Neutral citation: [2024] KEHC 13984 (KLR)

Republic of Kenya

In the High Court at Machakos

Civil Case E196 of 2023

FROO Olel, J

November 11, 2024

Between

Douglas Munene Mairitie

Appellant

and

Paul Nyamai Mwanzia

1st Respondent

Elizabeth Mbithe Ngumbau

2nd Respondent

Suing as legal representatives of the Estate of James Mutuku Mwanzia - Deceased

(BEING AN APPEAL FROM THE JUDGMENT OF THE HONOURABLE S.KANDIE (RM) DELIVERED ON 28TH July 2023 IN MAVOKO CMCC NO. E17 OF 2022)

Judgment

A. Introduction 1. The Appellant herein was the Defendant in the primary suit, where he had been sued by the respondents, who were claiming special damages of Kshs.87,550/=, general damages for occasioning an accident that fatally injured the deceased, plus costs and interest.

2. The Respondents vide their amended plaint averred that this cause of action arose on or about 27. 04. 2019 when the deceased, who was the 1st respondent’s husband, was lawfully riding his motorcycle registration number KMDY 396V ( hereinafter referred to as the suit motorcycle) along Nairobi- Mombasa road when at Makuti area, the appellant’s motor vehicle registration number KCQ 292 H (herein referred to as the suit motor vehicle) was managed and/or controlled so carelessly and negligently by the appellant, his servant, agent and/or employee that, they allowed it to lose control and ram into the suit motorcycle, and as a direct result thereof the deceased sustained fatal injuries.

3. The appellant upon service, filed his statement of defence denying all the contents pleaded in the amended plaint and in the alternative averred that if the accident did occur, then the same was caused solely and/or significantly contributed to by the negligence of the deceased, who therefore had to share blame for the said accident. He urged the court to dismiss the claim with costs.

B. Evidence 4. The 1st Respondent was the only witness, who testified in support of her case, while the Appellant called two witnesses in defence.PW1 Elizabeth Mbithe adopted her witness statement dated 13. 01. 2022, where she reiterated the averments made in the plaint as to how the accident occurred. At the time of, his death, the deceased was aged 27 years and was a motorcycle rider earning about Kshs.30,000/= monthly, which he used to support his family, consisting the respondent, her two children, and the deceased brother.

5. She blamed the Appellant for being vicariously liable for the accident which occurred as his employee and/or driver was negligent while driving and as a result caused the accident resulting in her husband suffering fatal injuries. She thus prayed for compensation. The 1st respondent also produced into evidence all the documents filed in her list of documents as exhibits to support her case. Upon cross-examination, she stated that she did not witness the accident, did not file receipts to prove special damages and the police abstract had not blamed the driver of the suit motor vehicle for causing the said accident.

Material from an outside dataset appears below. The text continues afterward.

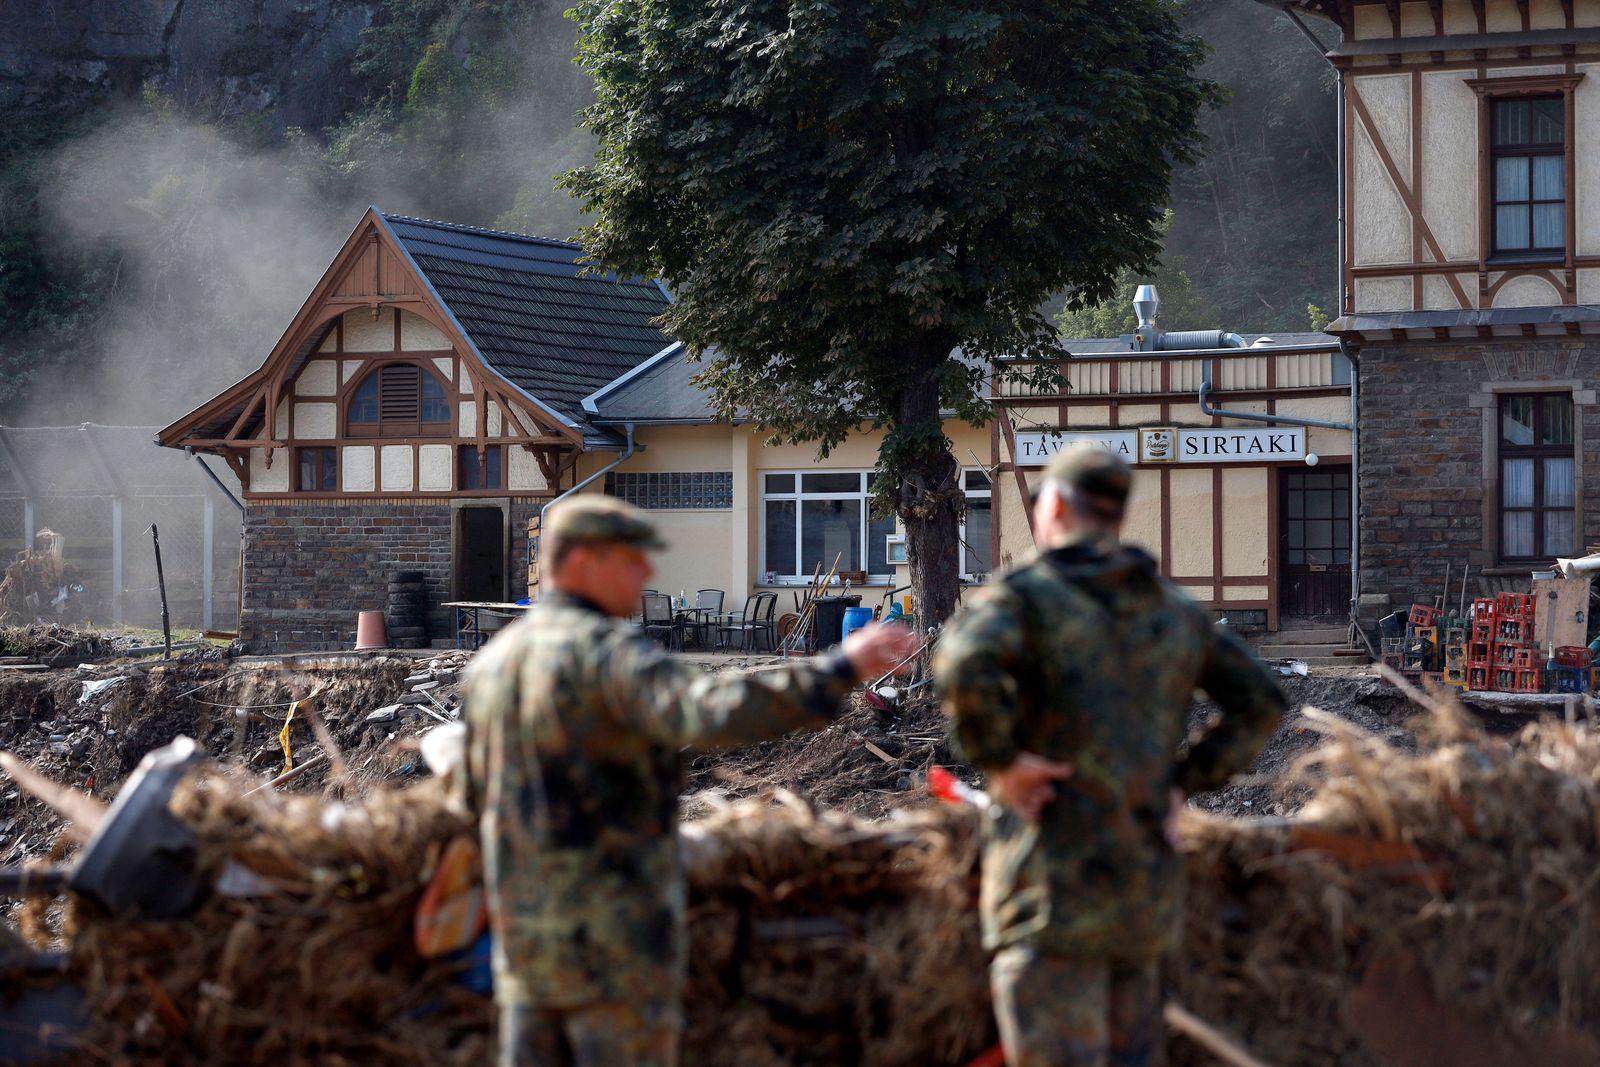 Nach dem Jahrhunderthochwasser in der Eifel durch heftige Regenfälle und Dauerregen mit Überschwemmungen und Überflutun

6. DW1 Michael Wanjohi relied on his witness statement, where he confirmed that he was an experienced driver. On the material date, he was driving the suit motor vehicle along Mombasa road and was from Nairobi heading to Simba cement at a moderate speed of about 20-30km/hr as there was very heavy traffic. Suddenly he saw a hearse coming from the opposite direction, but it was being driven off the road. As it approached, he heard a bang and when he looked in his side mirror he realized that the suit motorcycle had rammed into the suit motor vehicle.

7. He stopped to check what had happened and found out that the deceased was overtaking from the left and when he saw the hearse approach, he tried to join back on the tarmac road. Unfortunately, the road edge was broken and due to its high speed, he hit the edge and was tossed under the suit motor vehicle. The police came and later he recorded his statement explaining how the accident occurred. He subsequently was not charged with any traffic offense.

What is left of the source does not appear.